# DNG Recover Edges



## dragnil (Apr 20, 2017)

Hi, I hope this is the right place to ask for help with a problem which isn't a show stopper but niggles me into wanting to know the answer.

For years my standard workflow has been to convert NEFs to DNG, archive the NEFs and drop the DNGs onto Thomas Knoll's 2005 vintage Recover Edges icon on my desktop. Lightroom then does pretty much all I want.

Recently I bought an Olympus E-1 Mk 2 and the DNG Converter (v9.8) works well to produce the right files. However, when I drop these (Olympus origin) DNGs onto the icon nothing happens at all.

I installed the Lightroom DNG plug in and that does indeed recover edge pixels but (forgive me for being picky) I don't want the complication of a second copy of the file. 

Is there a later version of the standalone Recover Edges programme anywhere? Or is there the option of the plugin modifying the DNG rather than creating a copy?

Thanks for any help available.

David


----------



## Victoria Bampton (Apr 20, 2017)

The LR plug-in is the only current way I know of. How many extra pixels are you gaining, for all that hassle?


----------



## dragnil (Apr 20, 2017)

Well, Victoria, that's why I said it's not a show stopper, Most of me is saying, "So, what?" but the other bit is curious... why should it work in the plugin and not in the standalone and what is it about Olympus files that is different?
I've yet to recover an image by those very few pixels but it's become a habit if you know what I mean. So if there's no other easy solution I'll forget it. Thanks for your help.


----------



## Ian.B (Apr 21, 2017)

well I have learnt something else to worry about now --- edge recovery ?? 
I know nothing ( yeah ok; you didn't have to agree ) about this _edge recovery_; but wouldn't a slight crop do the same thing? (???)
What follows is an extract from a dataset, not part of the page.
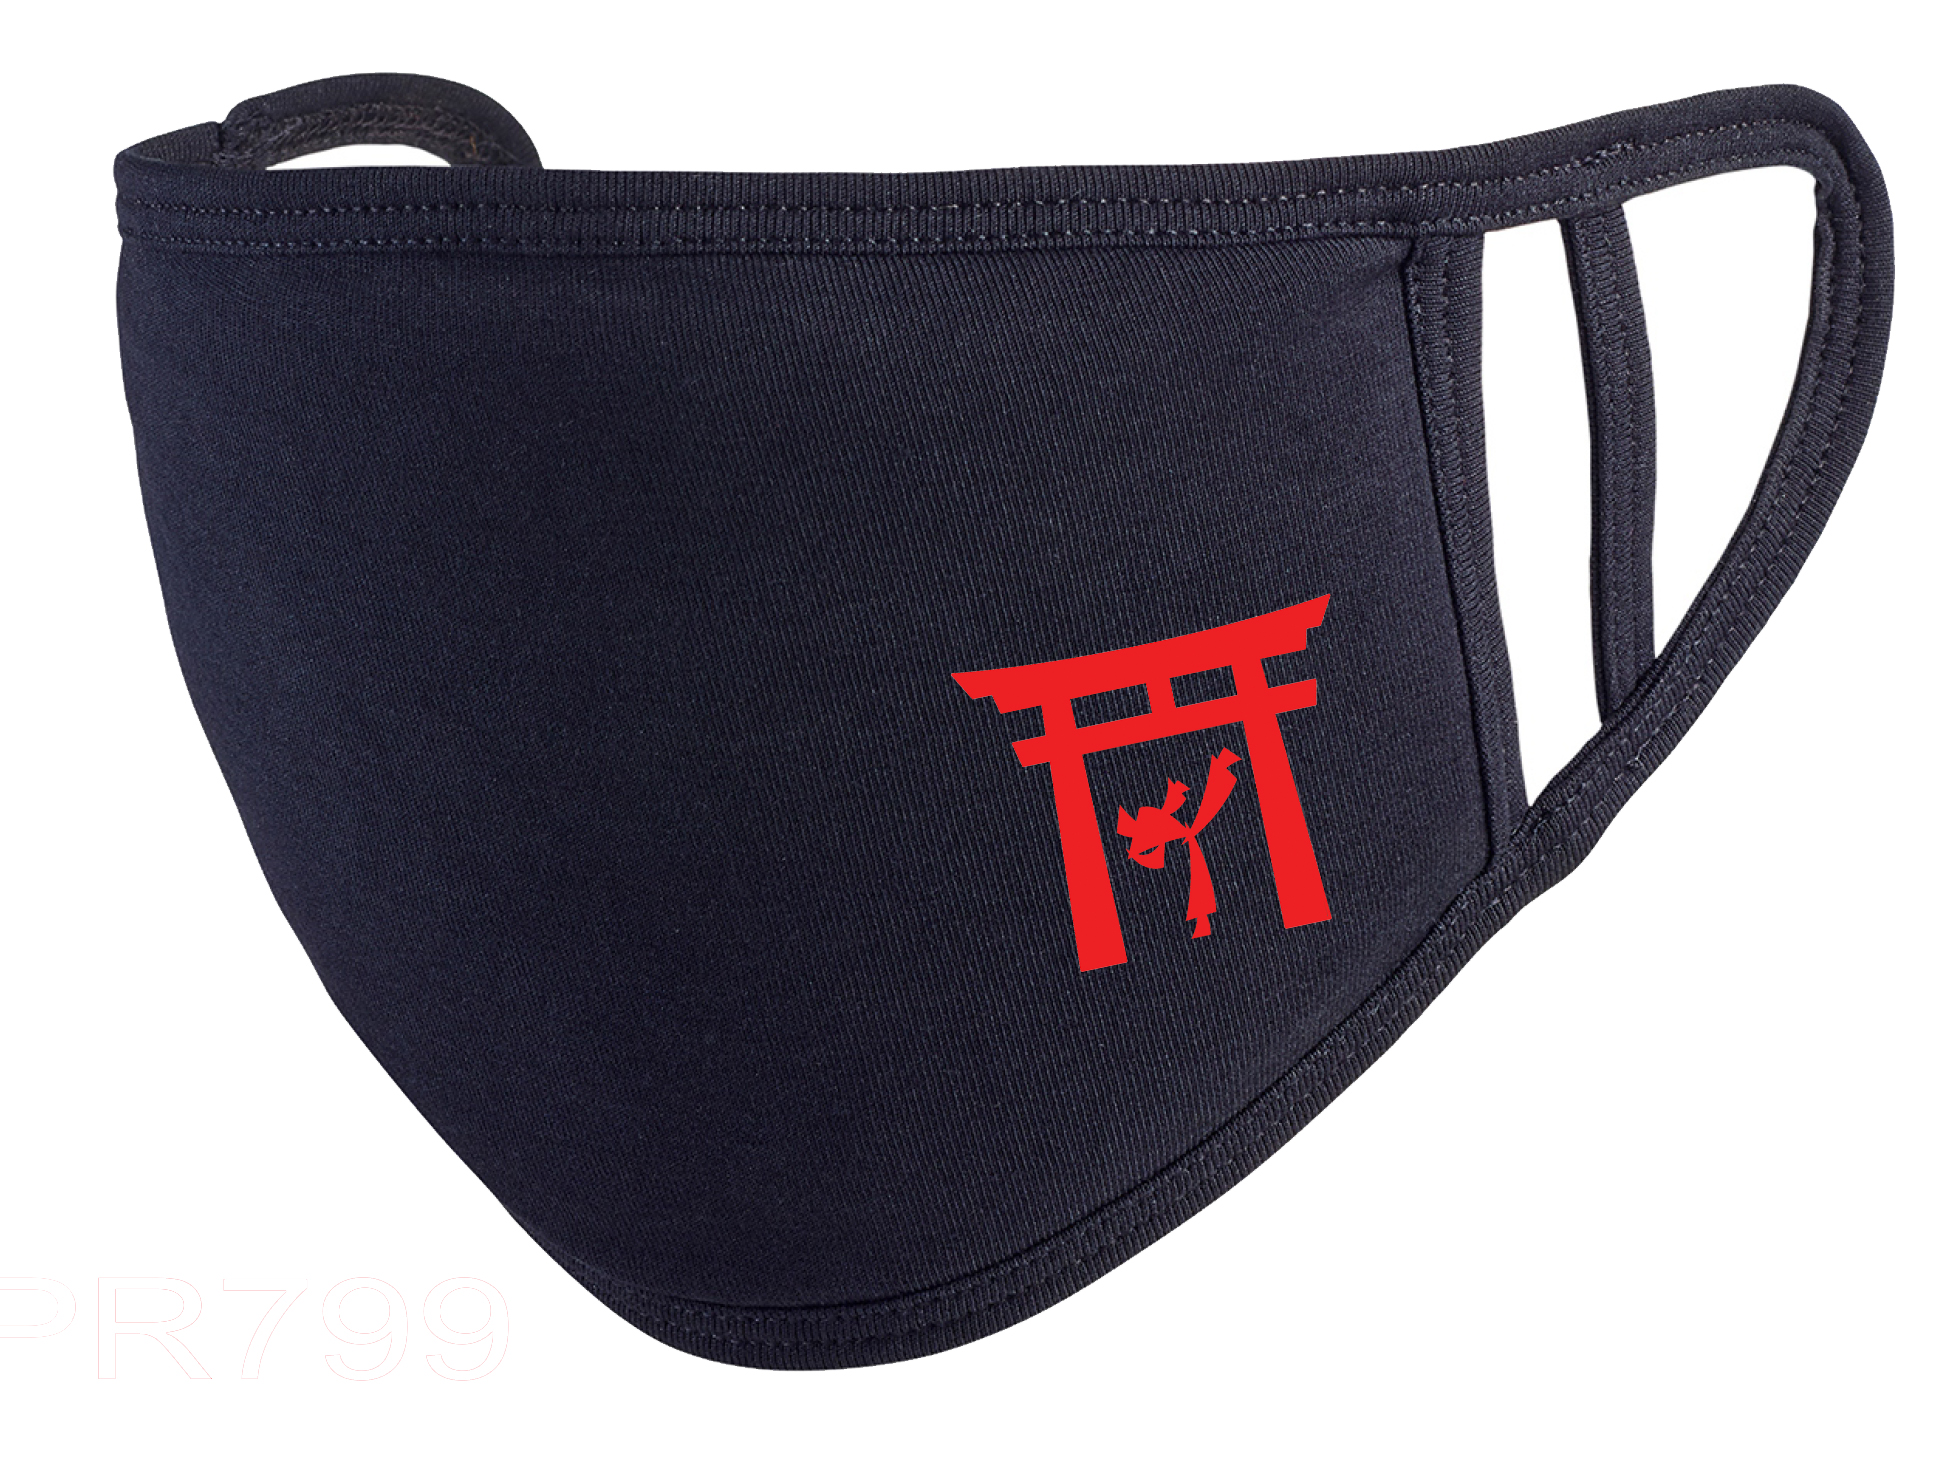 Karate Face Covering Mask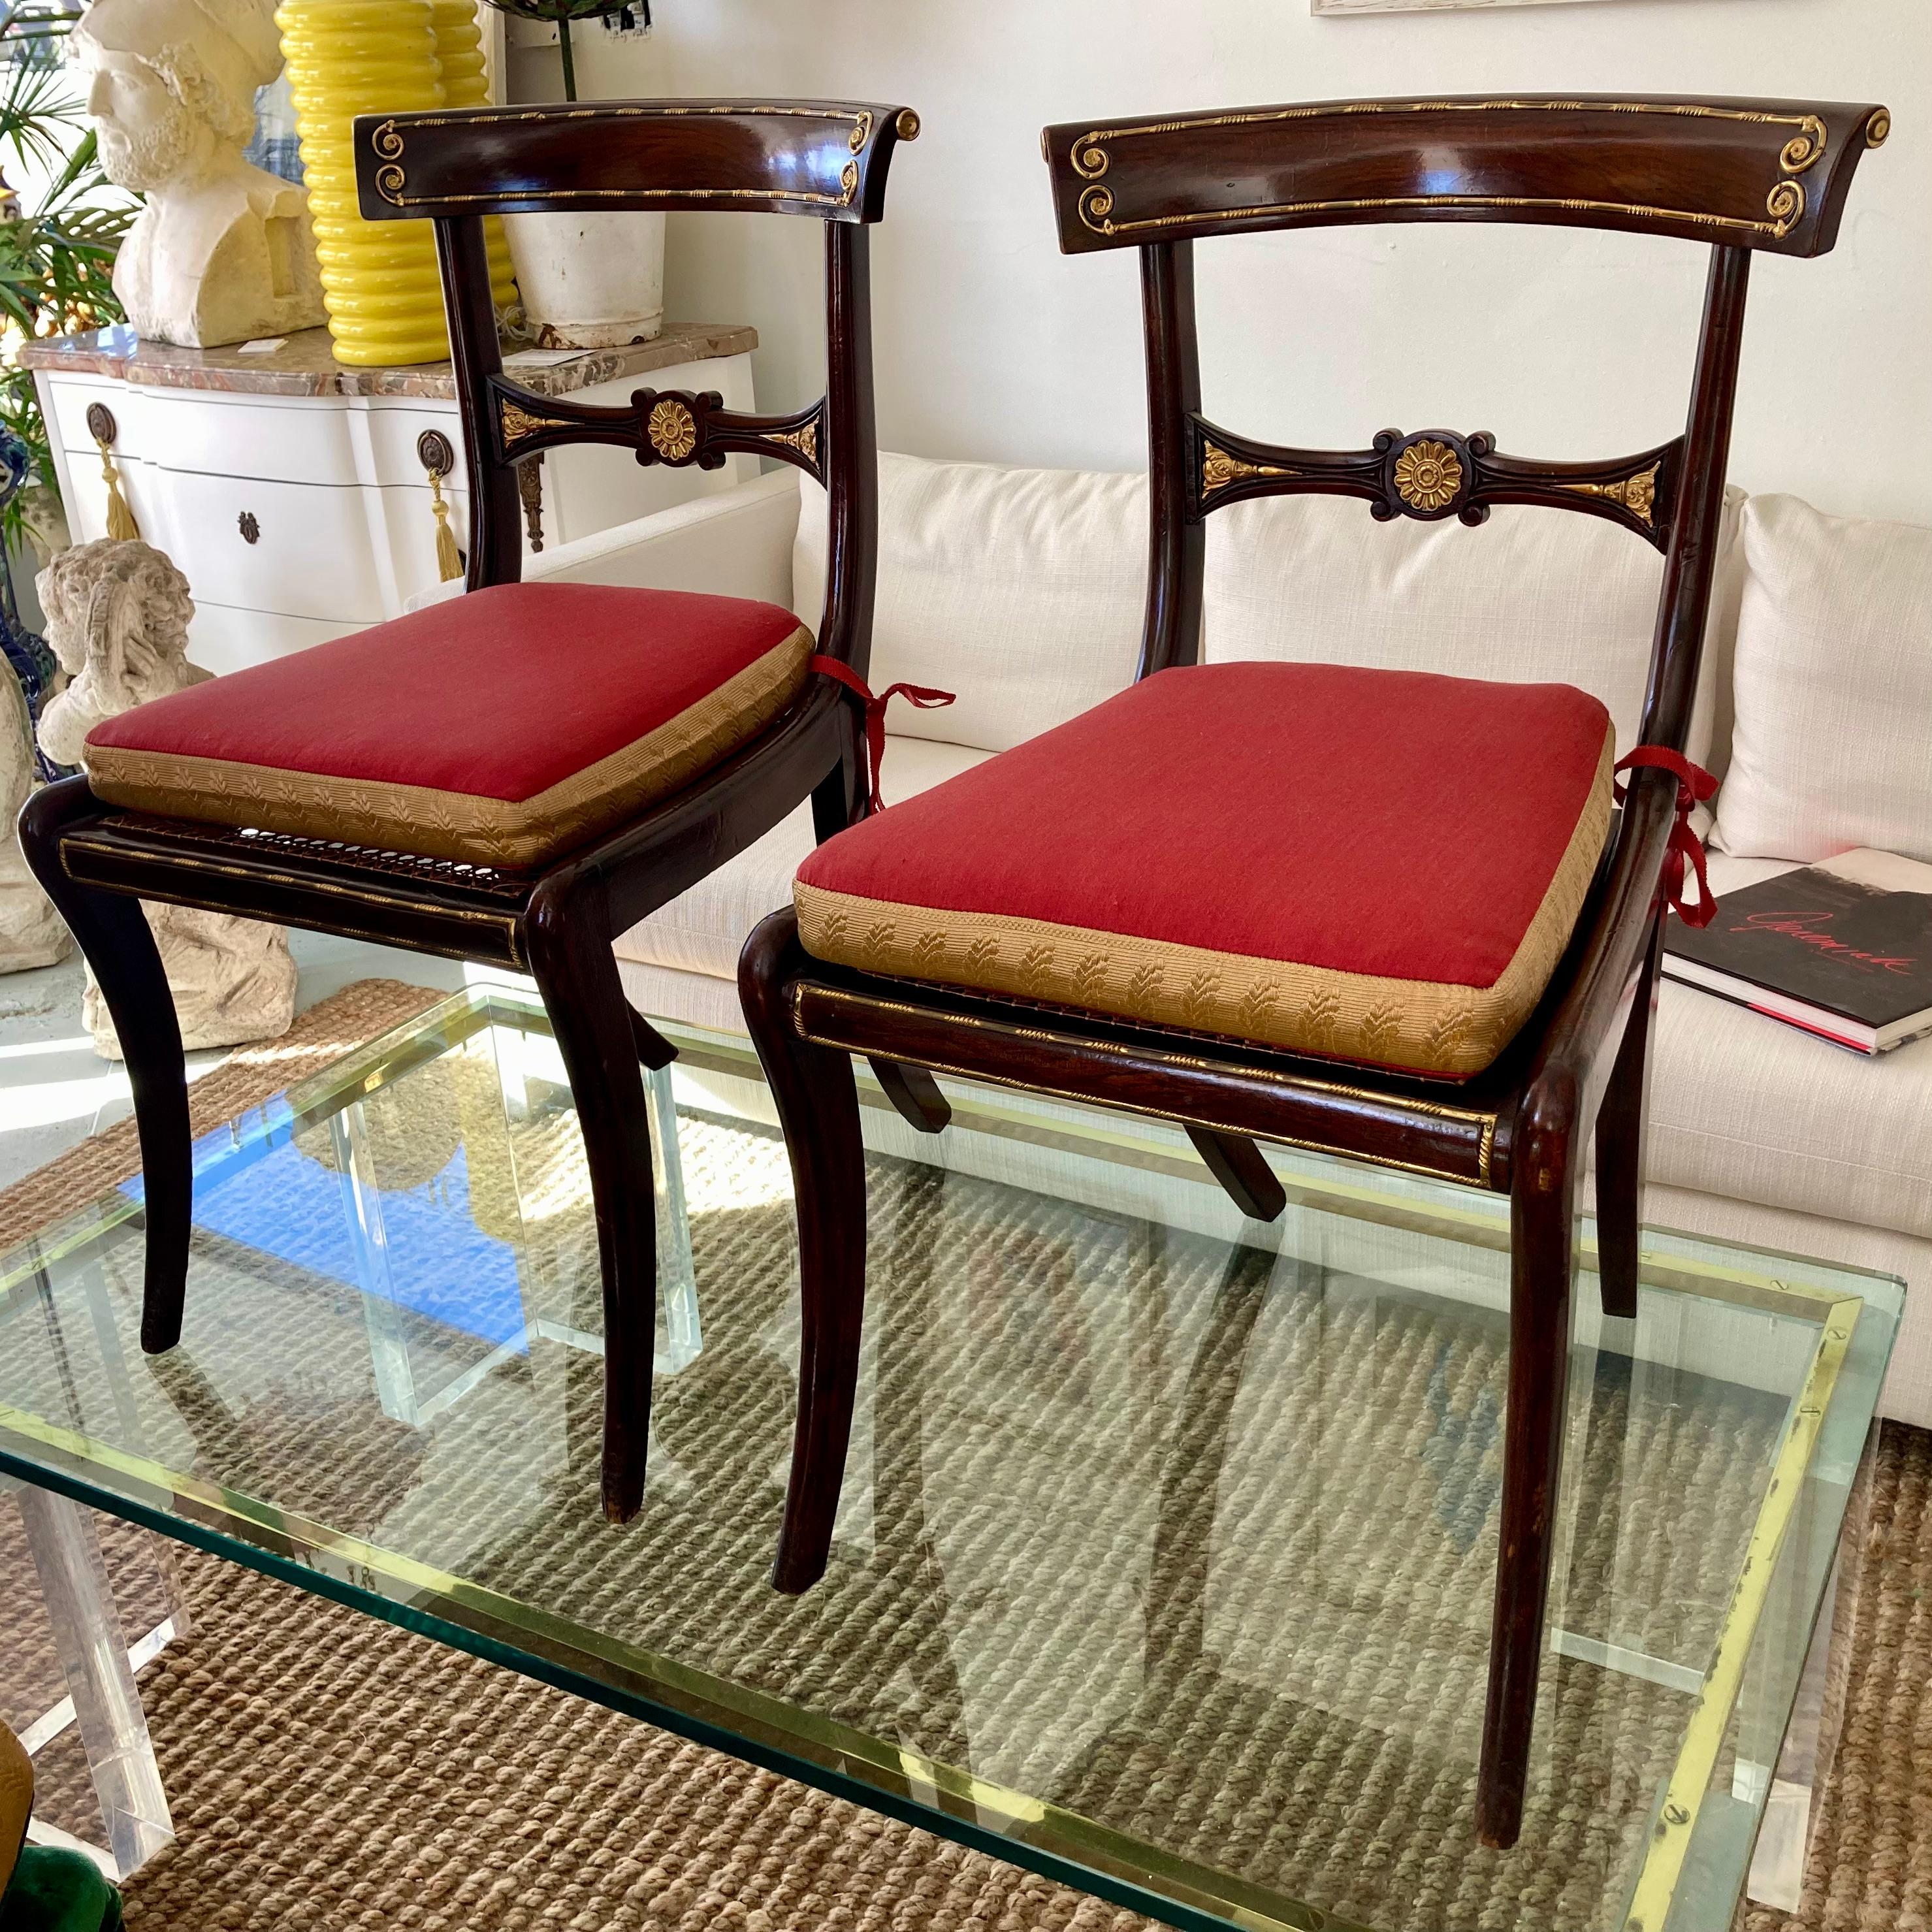 19th C Ormolu Inset Regency Chairs With Red Cushions and Gold Metal, Set of 8 For Sale 2

Another question: why are you converting to dng (I do that) and then archive the original raw file ?
Just interesting to know how and why others do things


----------



## Victoria Bampton (Apr 21, 2017)

Once upon a time Ian, it was used to recover pixels from in-camera crops, but then they built that into Lightroom for more recent cameras. There are also a few extra pixels around the edge of the raw files that the in-camera JPEGs and any raw converters ignore (usually because the content can't be calculated accurately), and some people like to pull that back.


----------



## Ian.B (Apr 21, 2017)

Once upon a time Ian ....  I could do with a better bed time story than that hahaha
Thanks Victoria; at least I have learnt a couple of things today


----------